CHINA

Proposal for levying a 10% export duty on surplus cotton

The government is set to discuss a proposal to impose 10 per cent tax on cotton exports above the declared surplus, to streamline exports and ensure a stable price regime.The ministry is also for registration of cotton export contracts with the directorate general of foreign trade, to monitor exports. The ministry wanted an inter-ministerial group to review the cotton position and make recommendations to vary or suspend the duty. However, the agriculture department was against the proposal. “The department of agriculture is clear that any sort of curb on export of farm commodity hurts the interest of growers,” a top official said.

Officials say the proposal, floated by the textiles ministry had recommended imposing the duty on the freight on board value or a maximum of Rs 10,000 a tonne, whichever is less, for all cotton exports over the declared exportable surplus.
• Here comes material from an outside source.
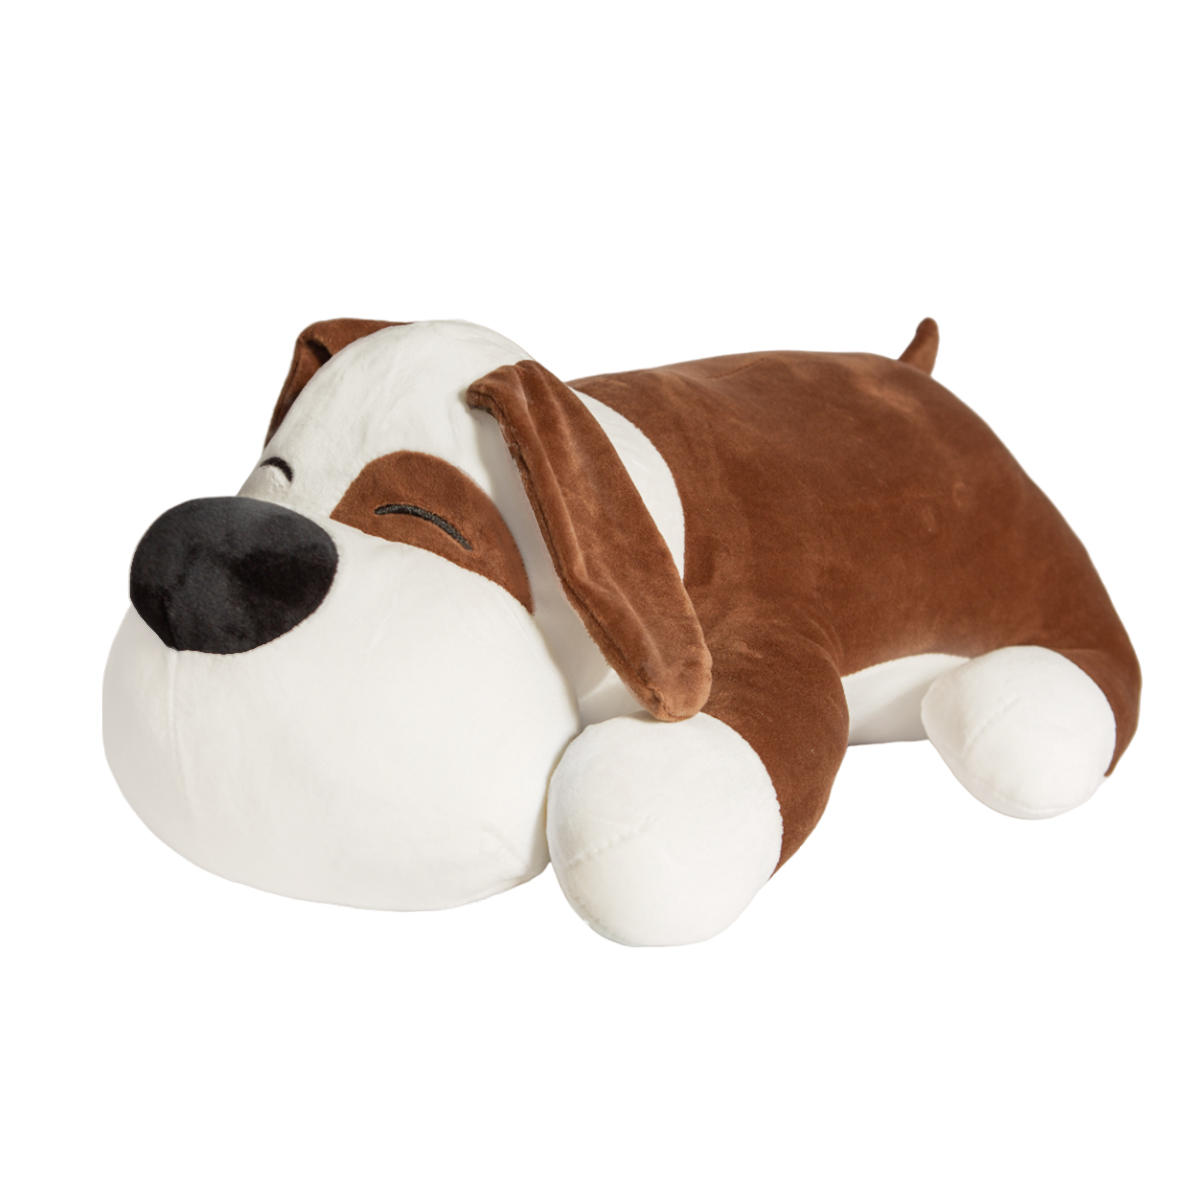 Мягкая игрушка MAXITOYS собака с пледом 60 см 300523-5-1-60 коричневый мягкая игрушка maxitoys мишка влюбленный коричневый 22 см

Other proposals included declaring exportable surplus in September every year, based on the estimates of the Cotton Advisory Board.

India’s cotton production in 2013-14 crop marketing year that starts from October is expected to be around 40 million bales (1 bale=170 kilograms), almost 4 million bales more than last year because of benign weather during the sowing stage.This, trade sources said will leave almost 10-12 million bales of surplus cotton of which almost 10 million could be easily exported.

Recently, textiles minister K S Rao advocated for the need to create a cotton stabilization fund. He had said that the fund would be used for the benefit of importers only and charged from surplus export. Cotton has been sown in around 11.31 million hectares, down just 0.26 per cent from the same period last year till last week in 2013-14, according to data by the agriculture department.